Konsep Syariah Investasi Logam Mulia
By wiku - Wed Feb 01, 10:47 pm
- 0 Comments
- 0 views
- Tweet
oleh: Wiku Suryomurti ST. MSi
Secara natural atau sunnatullah, manusia memang menyukai perhiasan dan logam mulia yaitu emas dan perak. Firman Allah dalam surat Ali Imran ayat 34 menyatakan:
“Dijadikan indah pada (pandangan) manusia kecintaan kepada apa-apa yang diingini, yaitu: wanita-wanita, anak-anak, harta yang banyak dari jenis emas, perak, kuda pilihan, binatang-binatang ternak dan sawah ladang. Itulah kesenangan hidup di dunia, dan di sisi Allah-lah tempat kembali yang baik (surga).”

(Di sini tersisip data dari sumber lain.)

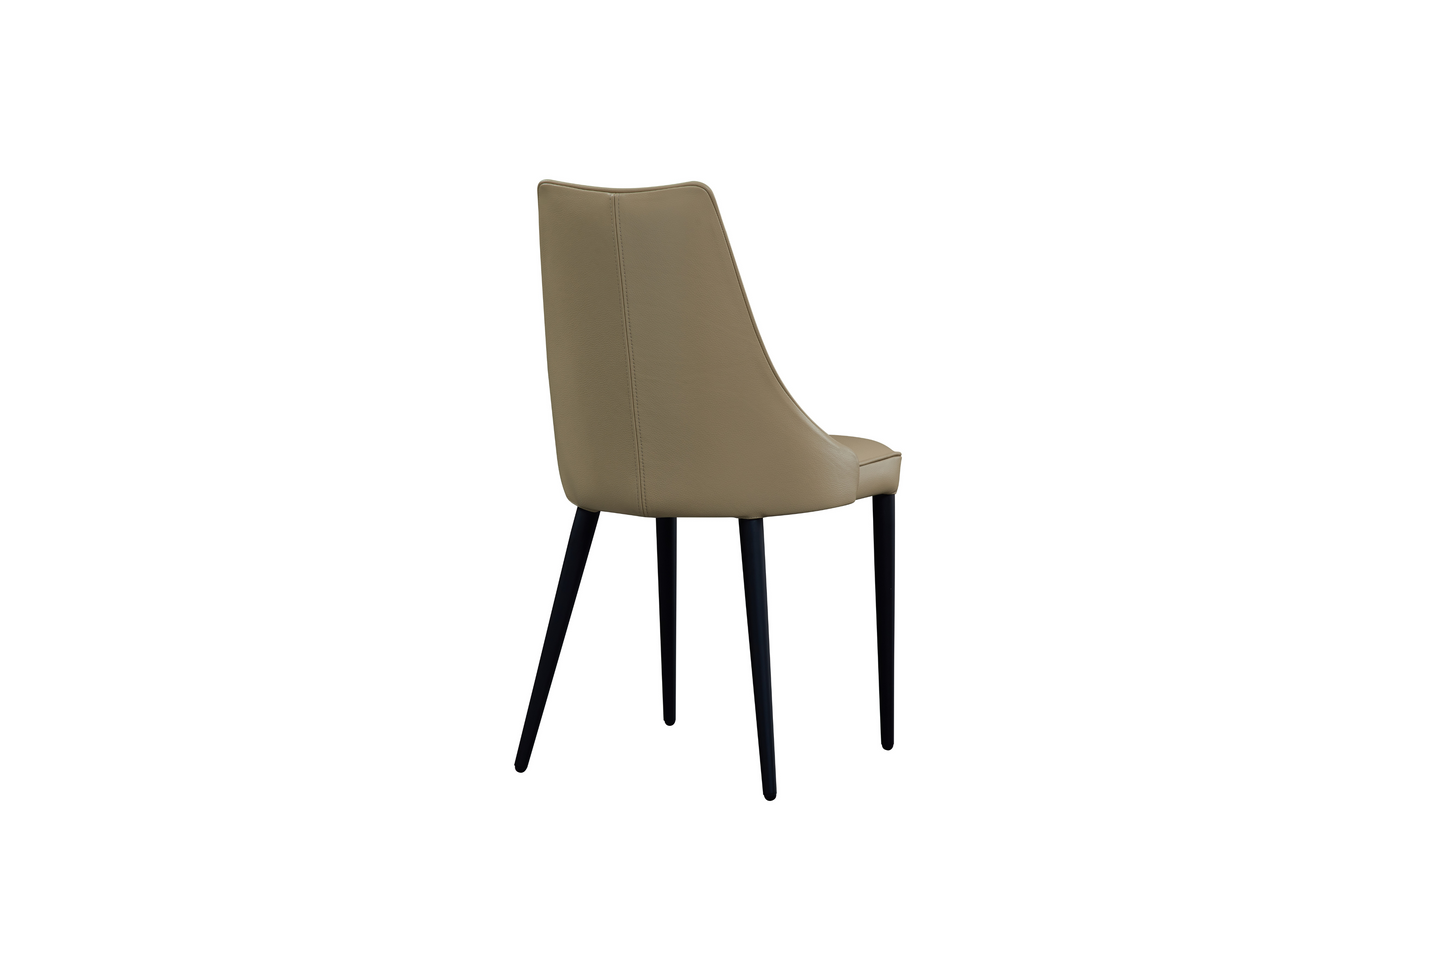 Milano Leather Dining Chair SKU: 18991-C

Namun dalam surat At taubah ayat , Allah mengingatkan manusia agar tidak menumpuk emas dan perak tersebut tanpa menafkahkannya ke jalan yang ditentukan Allah.
“Hai orang-orang yang beriman, sesungguhnya sebahagian besar dari orang-orang alim Yahudi dan rahib-rahib Nasrani benar-benar memakan harta orang dengan jalan batil dan mereka menghalang-halangi (manusia) dari jalan Allah. Dan orang-orang yang menyimpan emas dan perak dan tidak menafkahkannya pada jalan Allah, maka beritahukanlah kepada mereka, (bahwa mereka akan mendapat) siksa yang pedih.” [At Taubah: 34]
Oleh sebab itu, investasi di logam mulia yaitu emas dan perak perlu perhitungan dan perencanaan. Sehingga kita tidak digolongkan sebagai orang yang menumpuk Emas dan perak tersebut. Bagaimana?
- Tentukan tujuan investasi Anda.
- Gunakan logam mulia sebagai bagian dari portofolio.
- Sesuaikan jumlah yang ingin diinvestasikan dengan tujuan nilai yang ingin dicapai.
- Jika logam mulia itu telah mencapai nishab, bayarkan zakatnya.
- Hindari mengharap keuntungan berlipat dari investasi emas/perak dengan melakukan transaksi spekulasi dengan mengakali akad-akad yagn tidak sesuai dengan kaidah fiqh.